The hazards of the double school pick up.

My wife left the iron on for 8 hours yesterday. Since then she has contracted a 24 hour virus and been confined to her bed, which means I’ve had to wait an agonising two days to tell her off.

“Why are you telling me off,” she bleated, “can’t you see that I’m ill?”

I lied when I said that I had waited two days. I couldn’t help it, it was like an itch that wouldn’t go away. I felt thoroughly guilty afterwards but that soon morphed into resentment when I was forced to soak up all her chores.

A day of feeding all the machines with dirty dishes and clothes culminated with a double pick up of kids from different schools. I picked the smallest one up first. She looked pleased to see me until I said February.

“Daddy, can I have an ice lolly?”

“No; it’s February.”


She let out an ear-piercing shriek just as I was bending over her to click in the seat belt. I struggled to find the housing, the screaming continued and the noise drilled into my temples. I now alive to the possibility that my wife left the iron on to kill us all.

We arrived at my son’s school.
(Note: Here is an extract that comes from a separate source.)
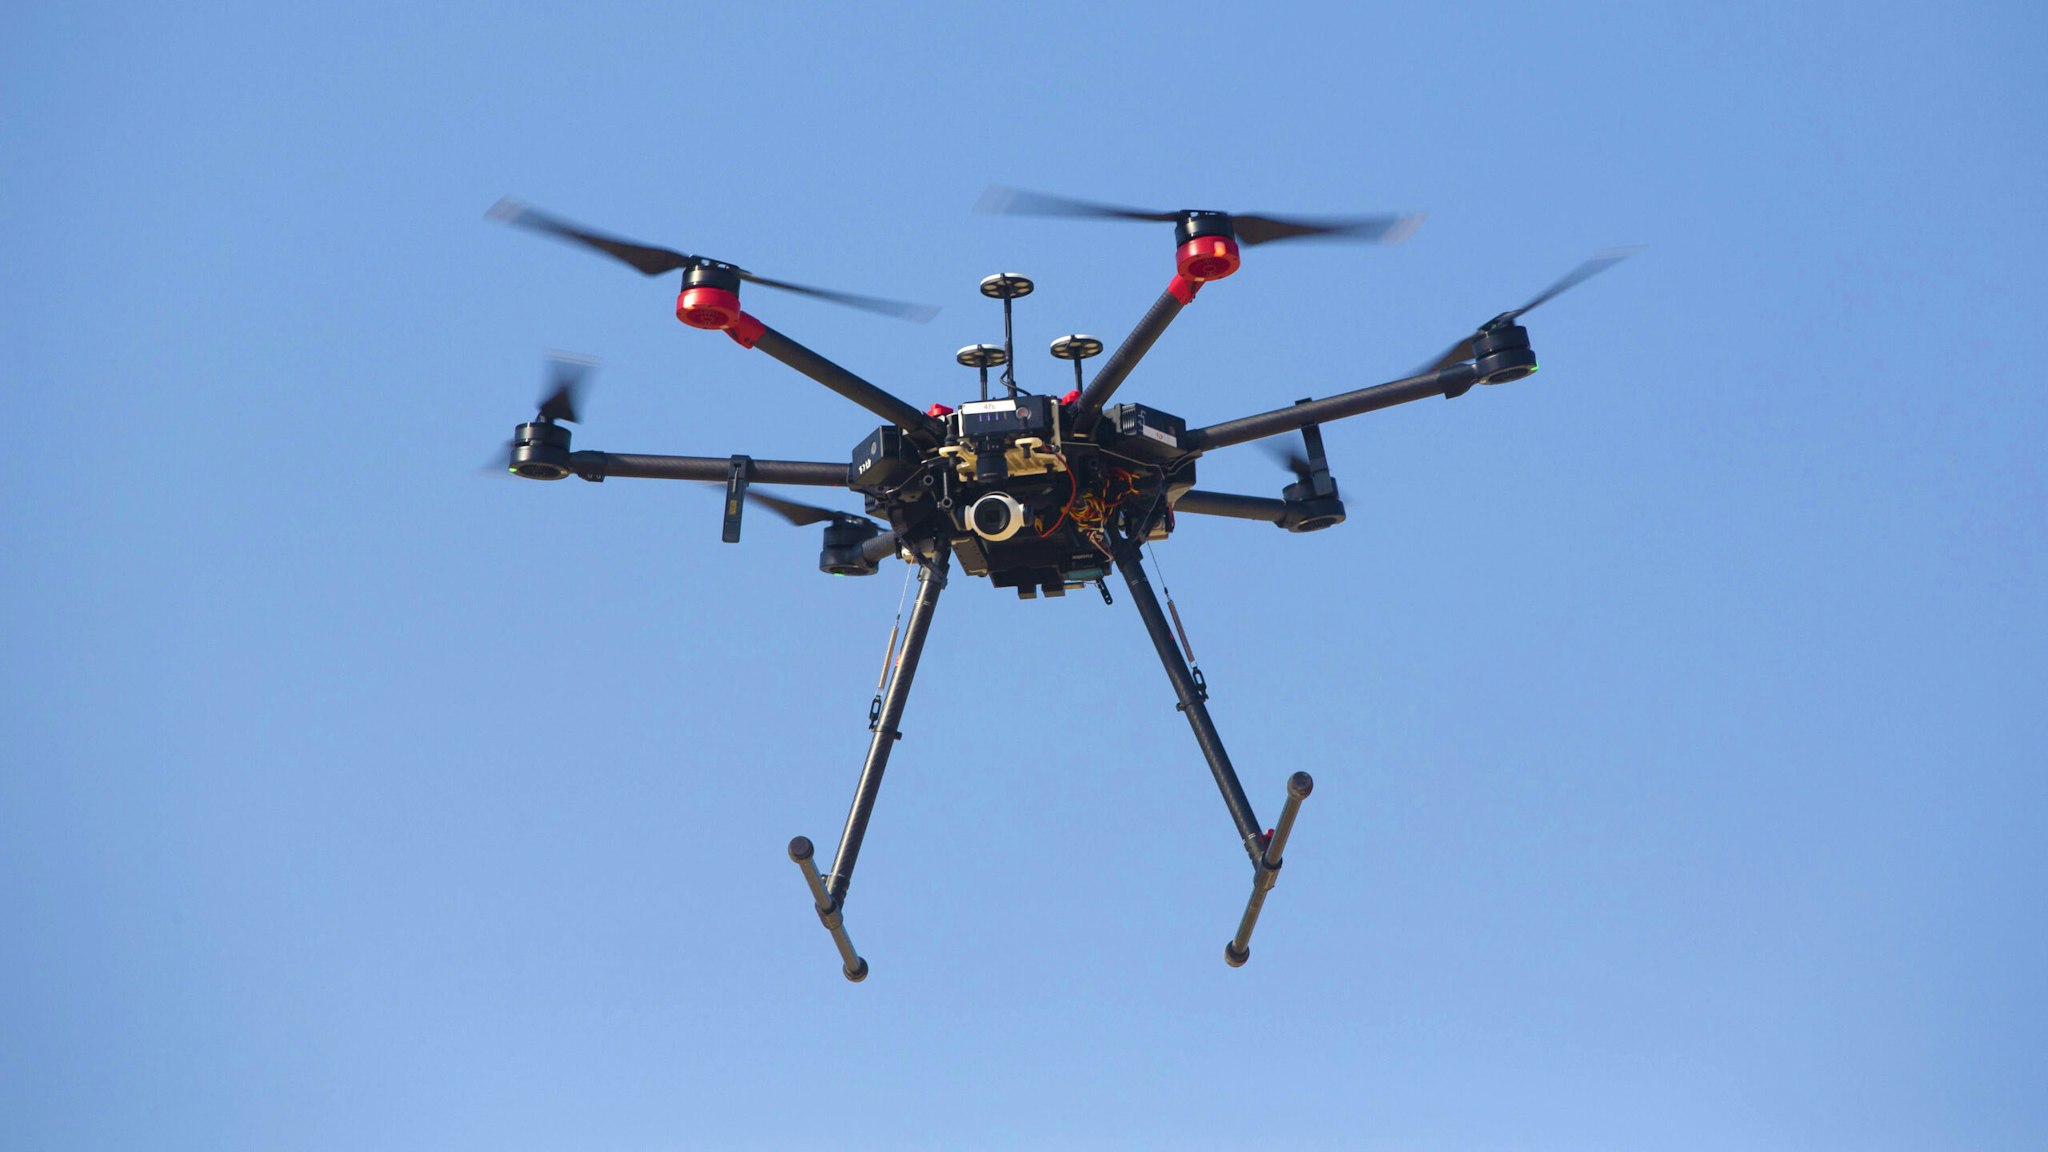 An Israeli DJI Matrice 600 Pro military drone used for bringing down incendiary balloons and kites flown from Gaza flies during a media demonstration by the Israeli Defense Force (IDF) at an army base near Rishon LeZion, Israel, on Tuesday, Nov. 26, 2019. Drones are a new and significant threat, Israeli Prime Minister Benjamin Netanyahu told the Cabinet Sunday, adding that the army intercepted one launched from the Gaza Strip over the weekend.

It’s his first year at big school and he has just got to an awkward stage biologically, which is signified by random bursts of embarrassing white boy rapping.

The car park is at the foot of sloping field with a dense wood to one side, and it is my job to wait in the car and until he appears on the horizon and trudges down the hill, dragging his bags in the mud.

Two tractor-sized Range Rovers park either side of me and fill the cabin of my Vauxhall Astra with an eery half light as they block out the sun. My inner rage is momentarily shifted away from my shrieking kid, who is strapped in the back seat and looks like a mental patient in a straight jacket shouting, ‘Ice lolly, Ice lolly’, to thinking about how selfish Range Rover owners are, which is followed by trying to suppress the burning desire to buy one myself.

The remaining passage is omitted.